# Natural Language Processing Project
## NLP Course @ Politecnico di Milano 2022/2023 - Prof. Mark Carman
### Topic 4: Autextification

### Group: Residual Sum of Students
- Raul Singh
- Davide Rigamonti
- Francesco Tosini
- Enrico Zuccolotto

## Introduction

The dataset consists of *short text passages* that have either been written by a *human* or have been generated automatically by a *language model*, more information can be found on the [official site](https://sites.google.com/view/autextification).
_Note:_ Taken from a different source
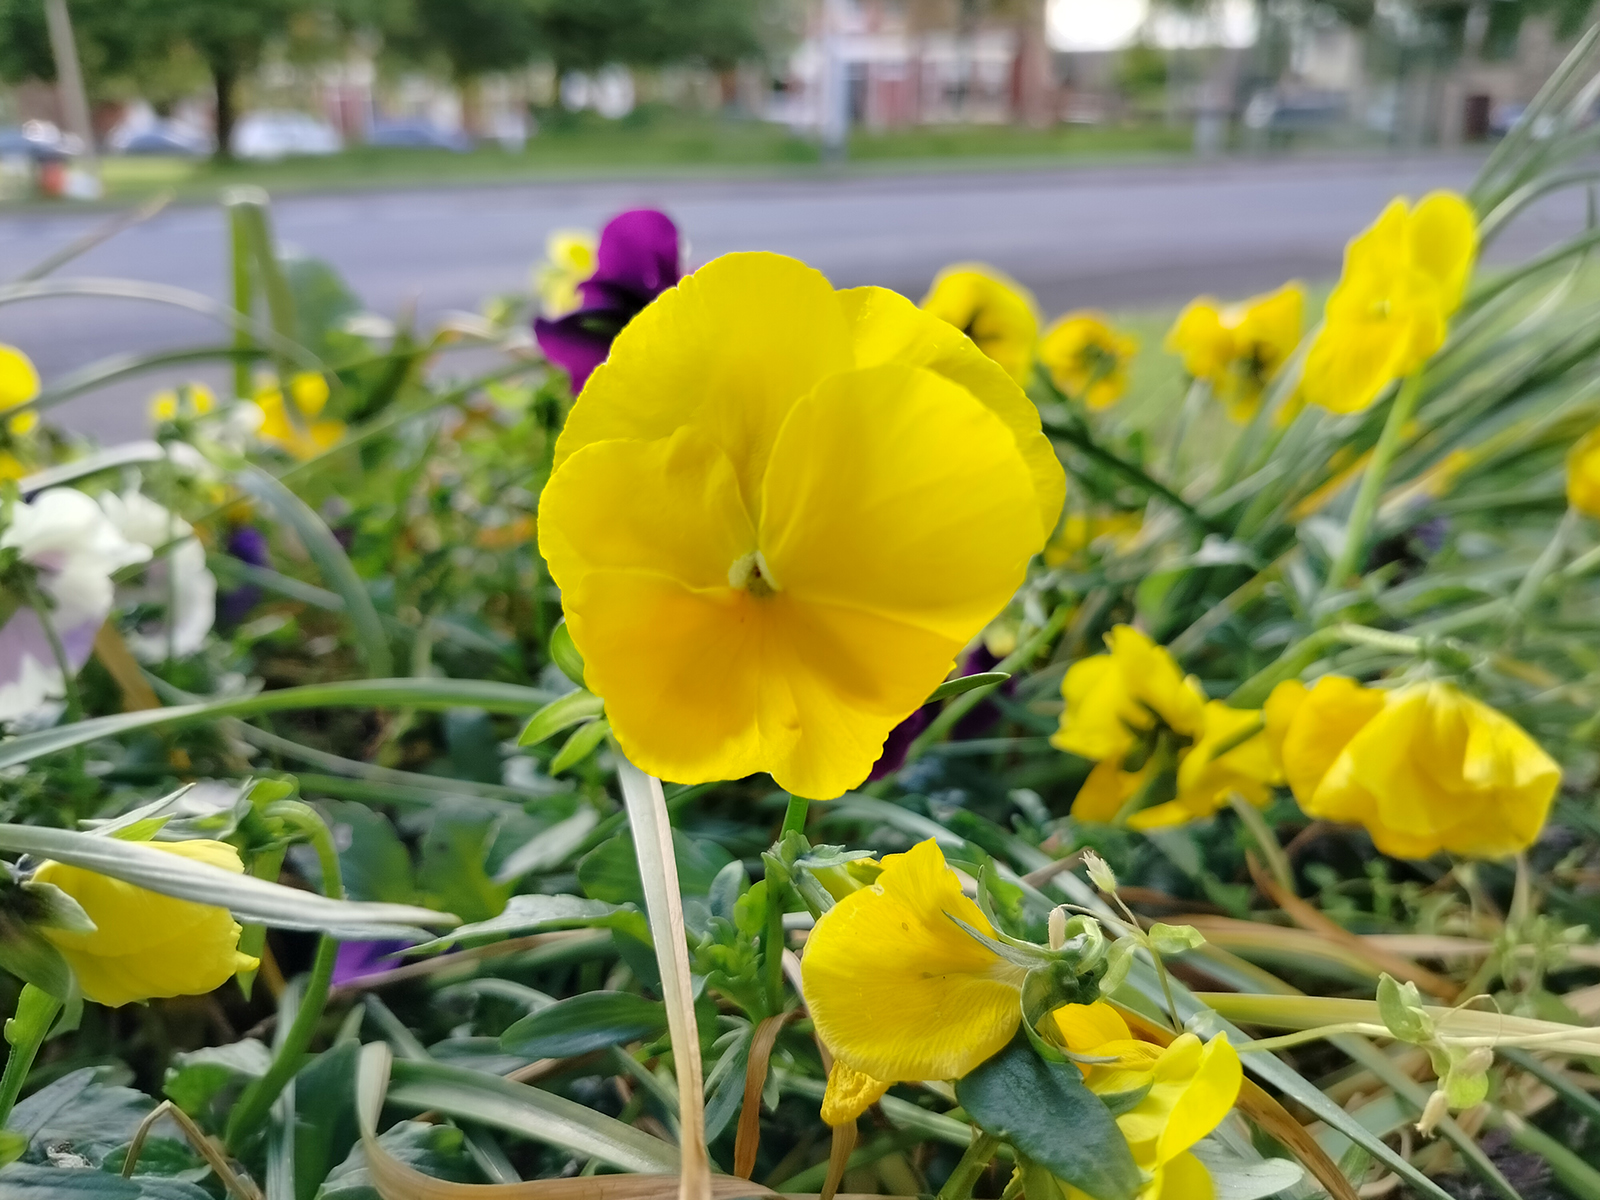 Realme 9 camera sample showing a yellow flower

The original task will take place as part of [IberLEF 2023](http://sepln2023.sepln.org/en/iberlef-en/), the 5th Workshop on Iberian Languages Evaluation Forum at the SEPLN 2023 Conference, which will be held in Jaén, Spain on the 26th of September, 2023.

Given the scope of the original challenge we can observe that the dataset contains two separate set of samples, one in **English** and the other in **Spanish**; our main focus will be on the **English** dataset.

We will treat the two tasks **separately** as the two respective goals are different; although some similarities can be traced between the two, most of the considered approaches will be symmetrical and net homogeneous results.

Each task will be presented with a brief **data exploration** section, then we will proceed to utilize models and approaches that we have seen in the course (with the introduction of some novelties) starting from the most basic techniques based on the **Bag of Words representation** to then transition towards approaches that utilize **Word Embeddings** to then reach the *state-of-the-art* **Transformer** models.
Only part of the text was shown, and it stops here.